In 1937, Bolivia’s currency situation was directly shaped by the catastrophic Chaco War (1932–1935) against Paraguay. The conflict had drained the national treasury, leading to massive external borrowing and the exhaustion of foreign exchange reserves. The government of President David Toro, who had come to power in a military socialist coup in 1936, faced a dire fiscal crisis with a depreciating currency, rampant inflation, and a crushing external debt that consumed over 50% of state revenues. The traditional reliance on tin exports for foreign currency was insufficient to stabilize the economy, creating an urgent need for monetary and banking reform.
The central response was the creation of the
Central Bank of Bolivia (Banco Central de Bolivia) in July 1937, a landmark institutional shift. Prior to this, private banks, notably the Banco de la Nación Boliviana, had issued currency with limited central oversight. The new central bank was granted a monopoly on note issue, aiming to impose discipline, centralize dwindling gold and foreign exchange reserves, and manage the government's debt.

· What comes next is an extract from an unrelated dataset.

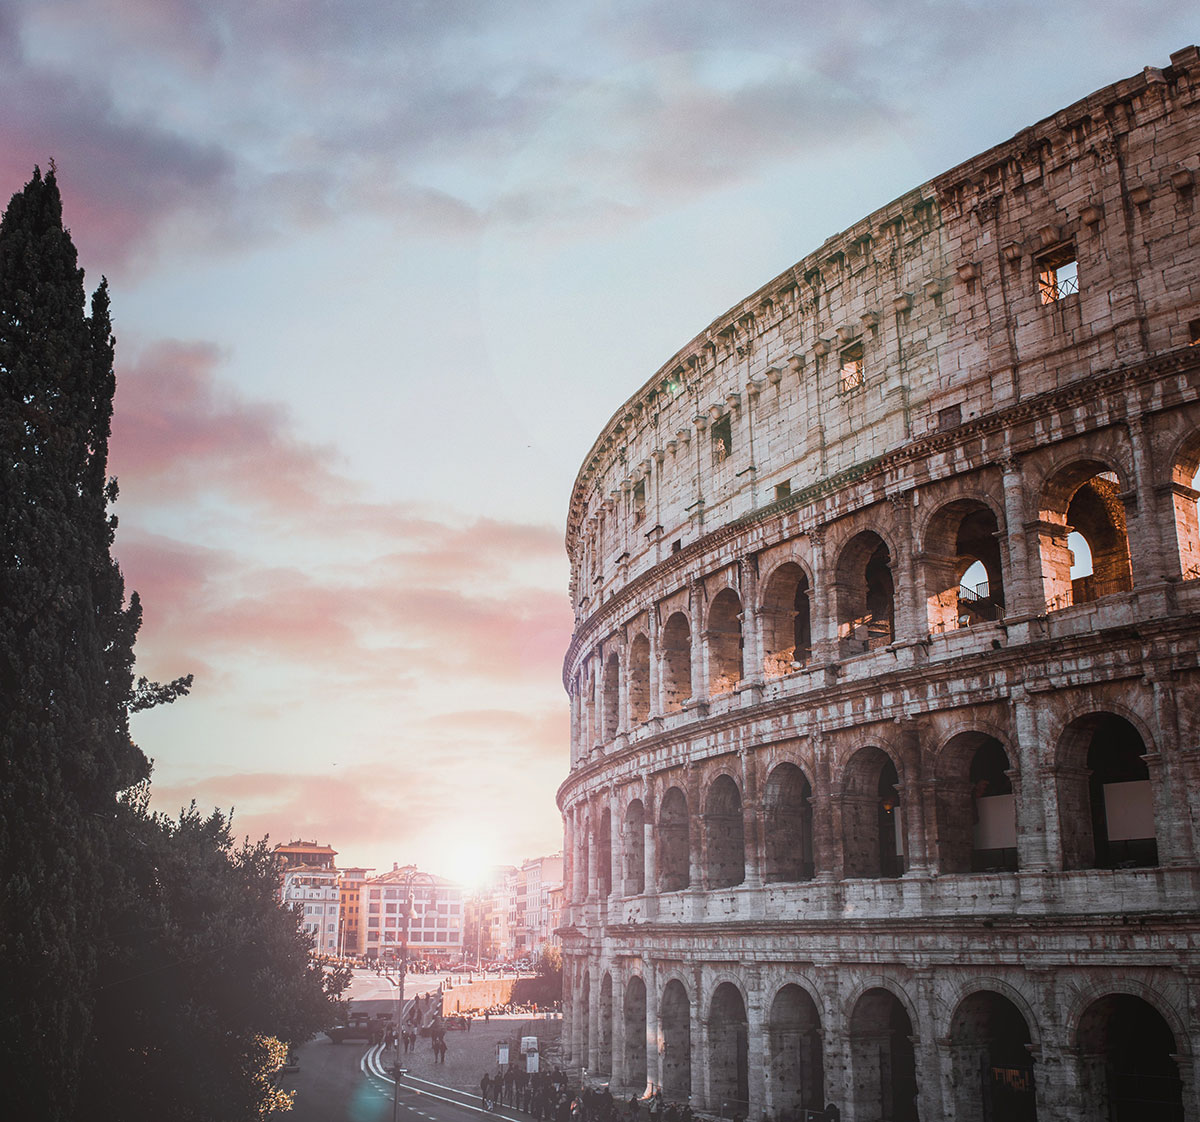 Sunrise over the Colosseum in Rome, Italy.

This reform was part of a broader state-interventionist agenda under Toro’s “military socialism,” which also included the establishment of the state mining corporation and increased control over natural resources.
Despite this structural change, the underlying pressures remained severe in 1937. The boliviano continued to lose value internationally, and inflation eroded domestic purchasing power, causing widespread social hardship. The economy was still fundamentally dependent on volatile tin prices, and the government's capacity to implement effective monetary policy was constrained by political instability and low reserves. Thus, while 1937 marked a pivotal turn toward a modern centralized banking system intended to address currency instability, immediate economic recovery remained elusive, setting the stage for continued fiscal struggles in the years to follow.